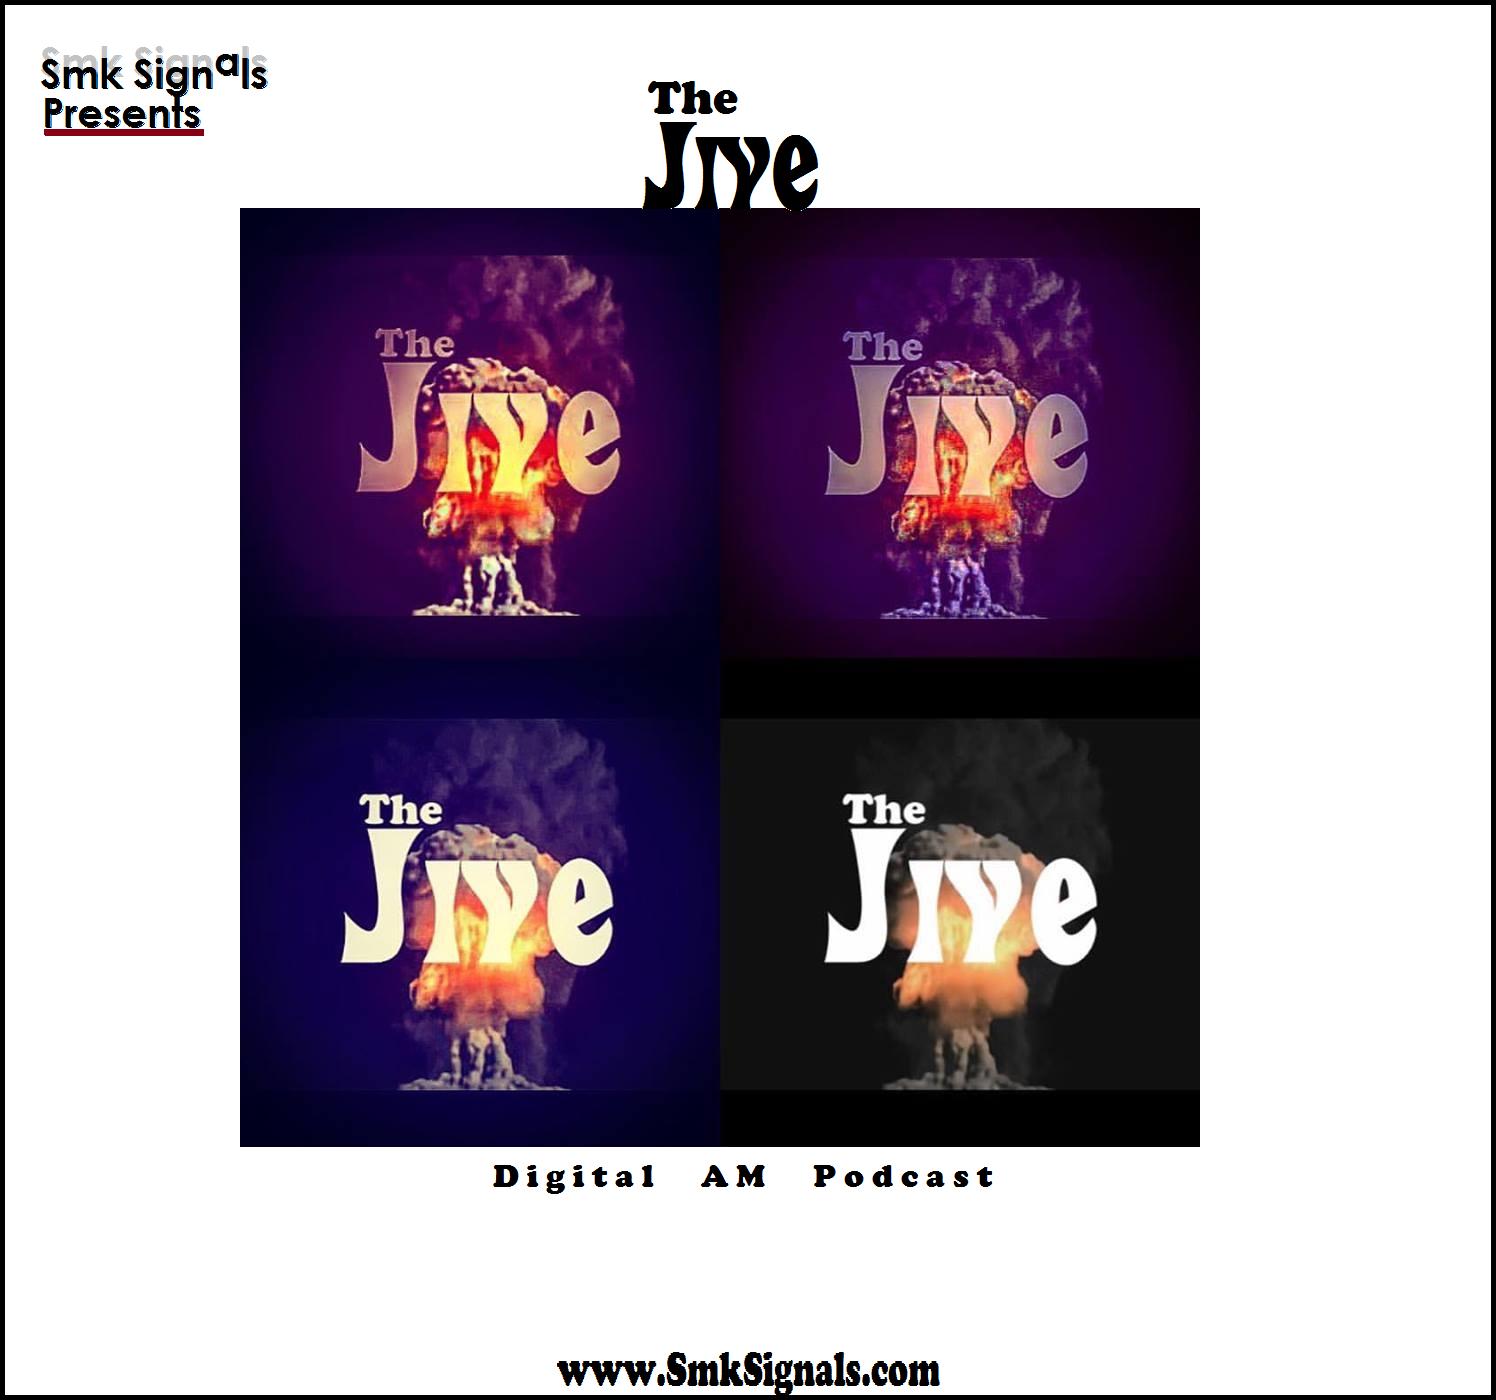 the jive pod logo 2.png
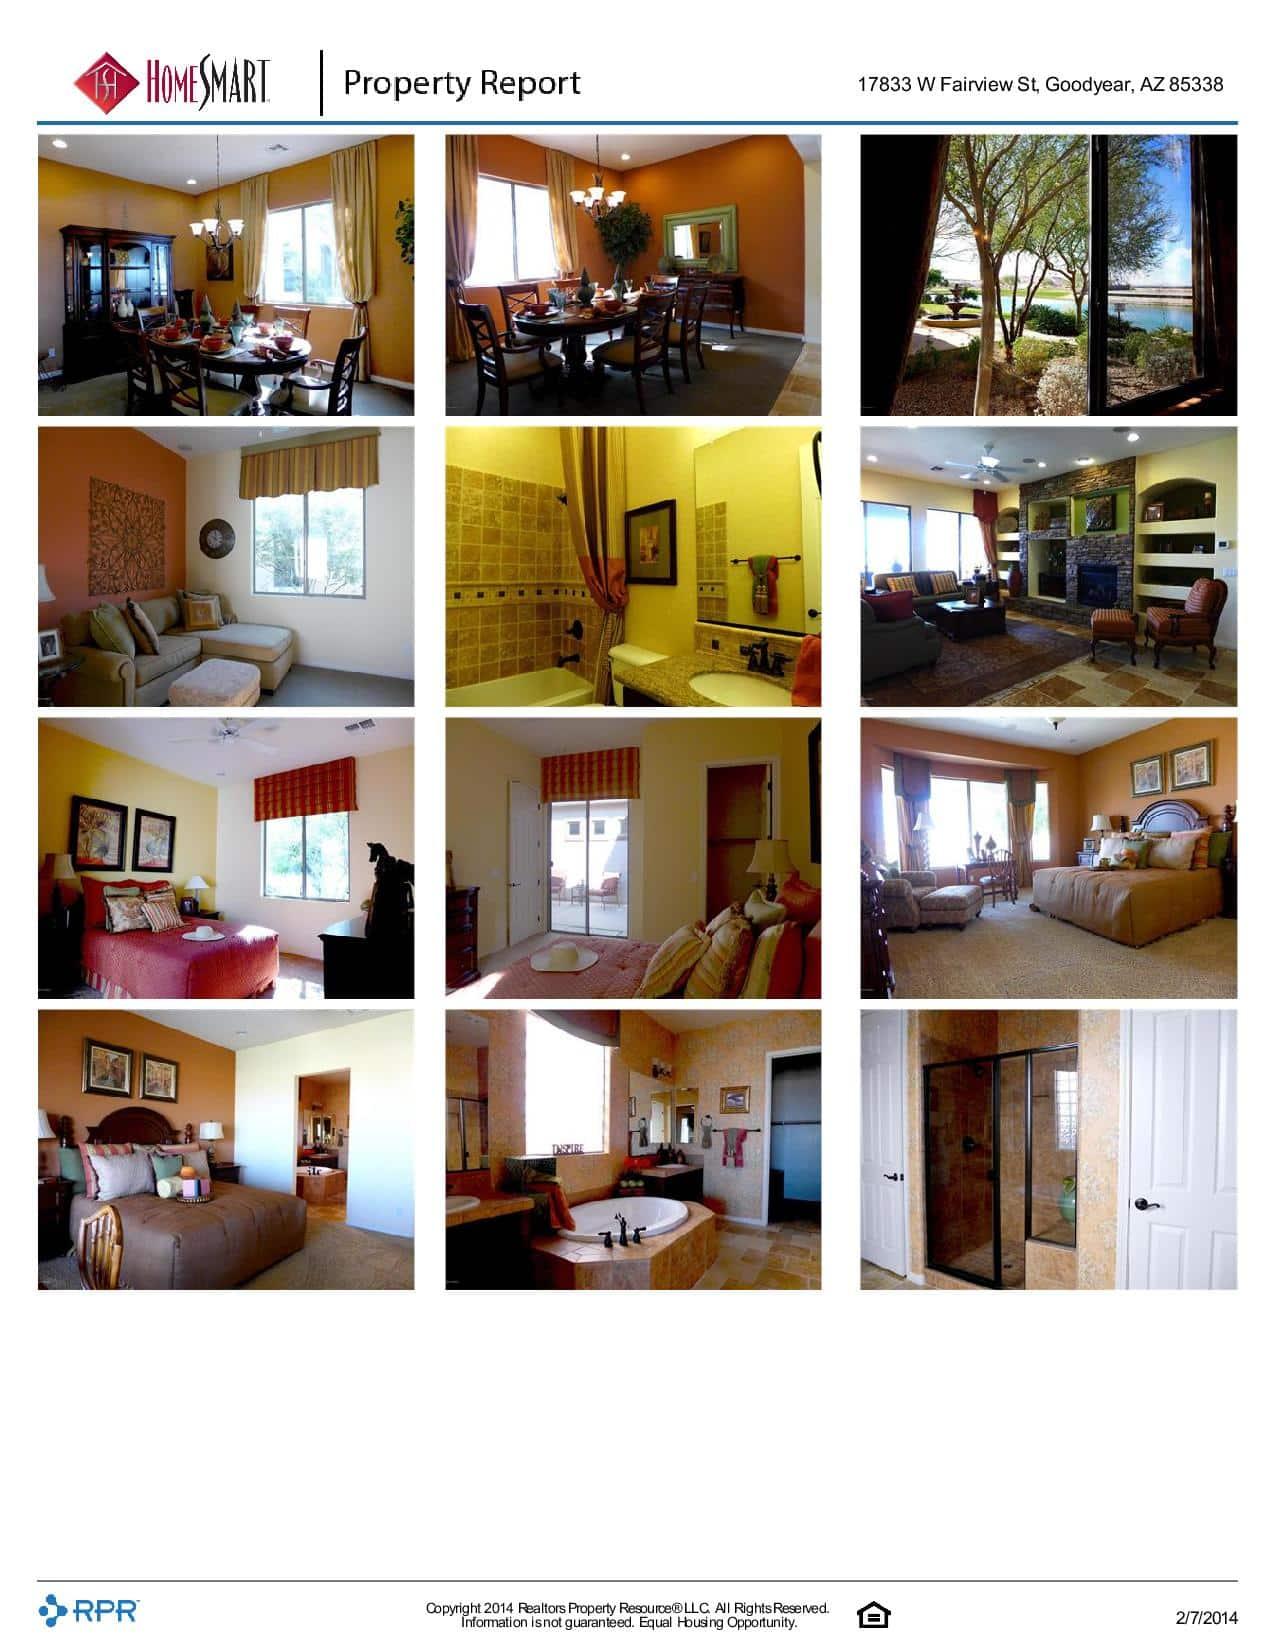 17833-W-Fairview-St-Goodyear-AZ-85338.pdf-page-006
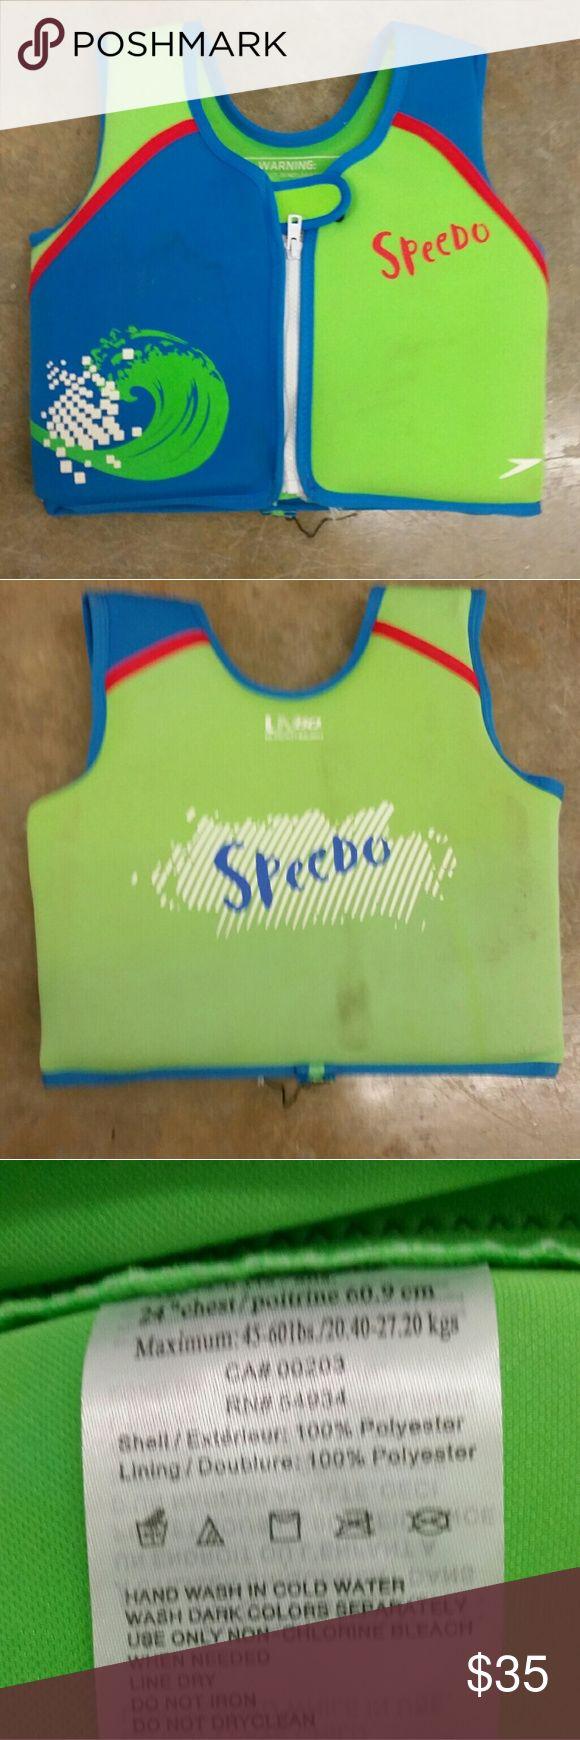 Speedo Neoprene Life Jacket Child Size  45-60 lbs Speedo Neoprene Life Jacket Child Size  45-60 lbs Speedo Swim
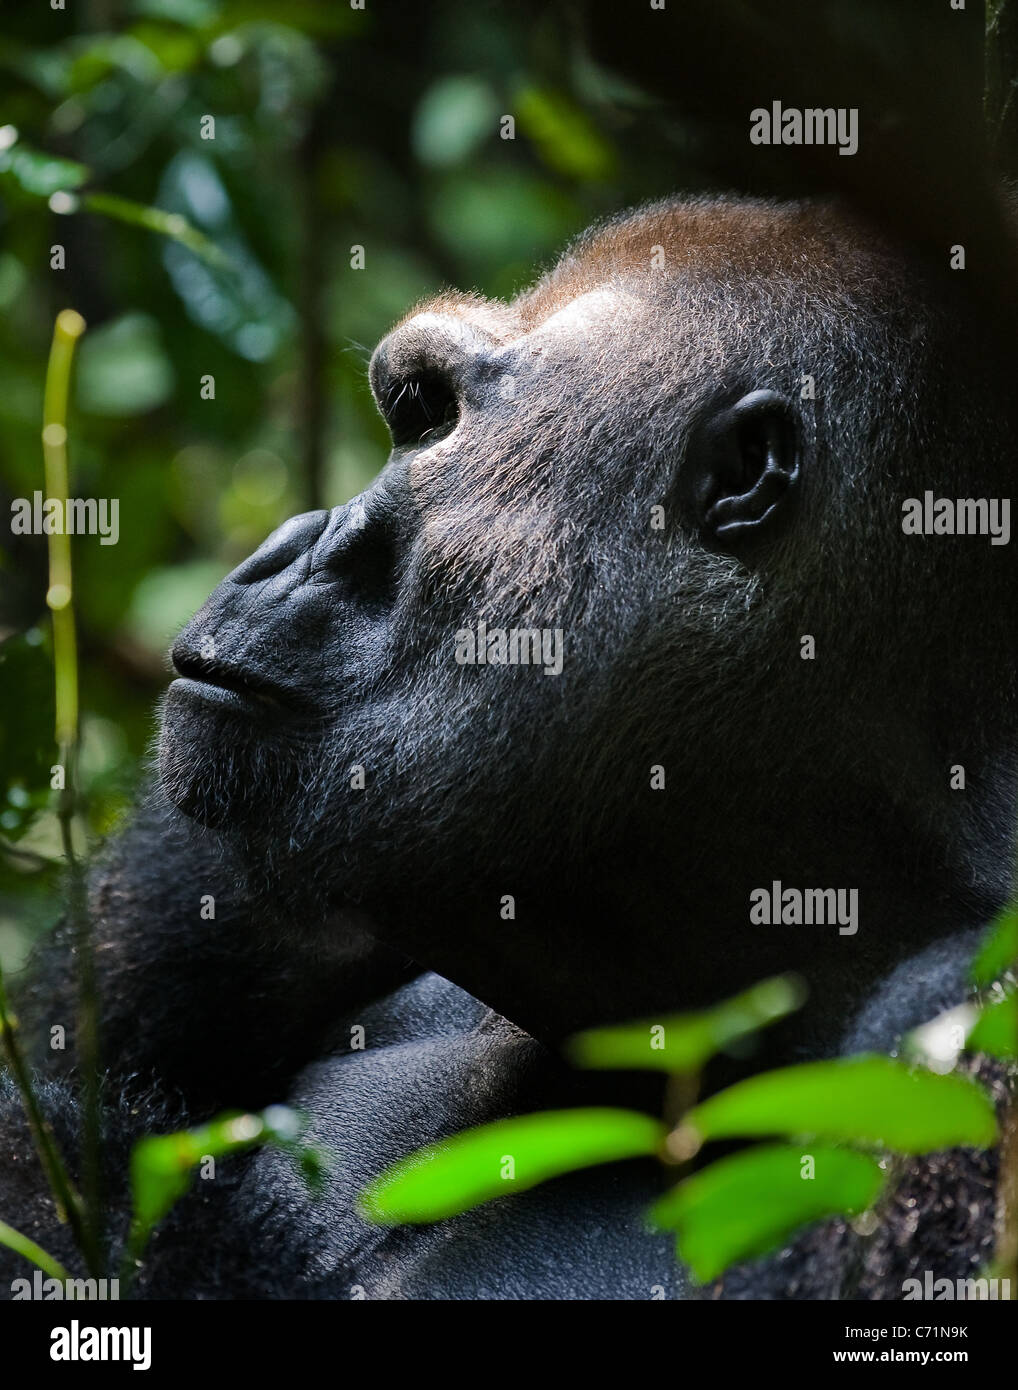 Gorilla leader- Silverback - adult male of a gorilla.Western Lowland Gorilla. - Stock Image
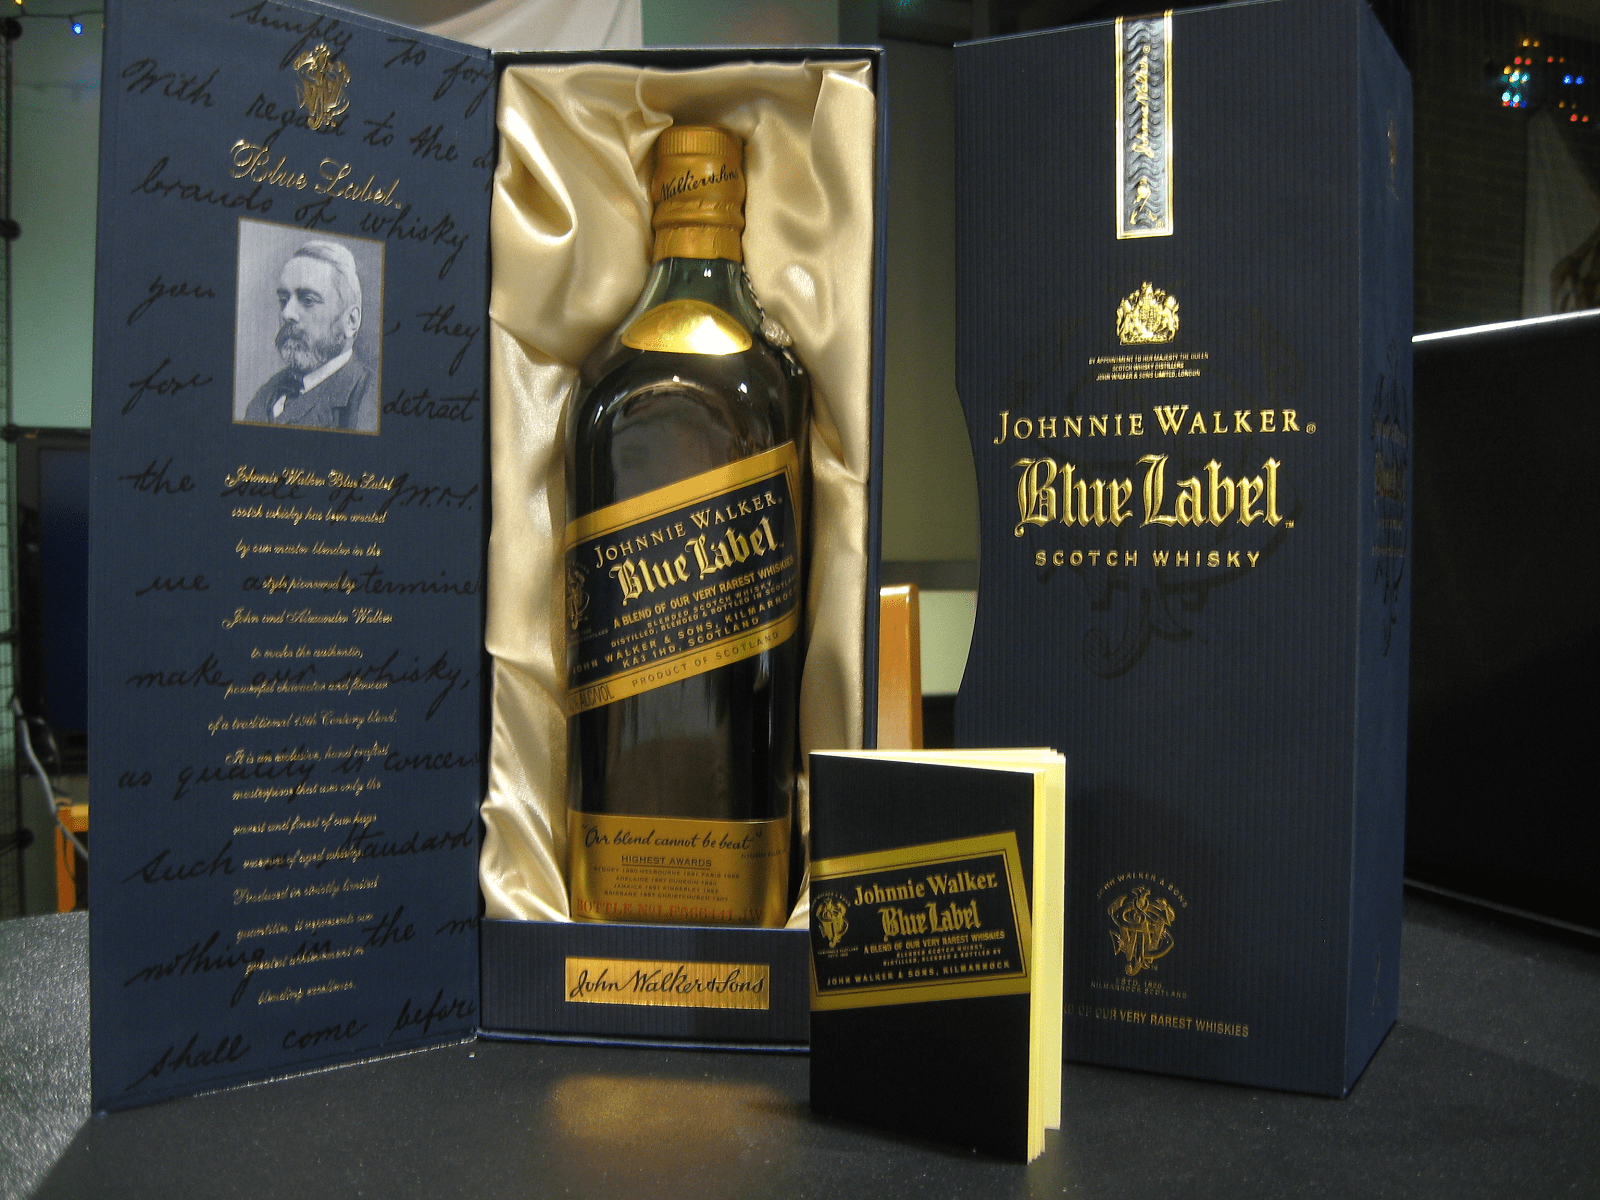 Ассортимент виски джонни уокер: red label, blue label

※

▶ **TASK INSTRUCTIONS**: Could you restate every record above word for word, dropping the pictures?

▶ **EXERCISE ANSWER**:
 the jive pod logo 2.png
 17833-W-Fairview-St-Goodyear-AZ-85338.pdf-page-006
 Speedo Neoprene Life Jacket Child Size  45-60 lbs Speedo Neoprene Life Jacket Child Size  45-60 lbs Speedo Swim
 Gorilla leader- Silverback - adult male of a gorilla.Western Lowland Gorilla. - Stock Image
 Ассортимент виски джонни уокер: red label, blue label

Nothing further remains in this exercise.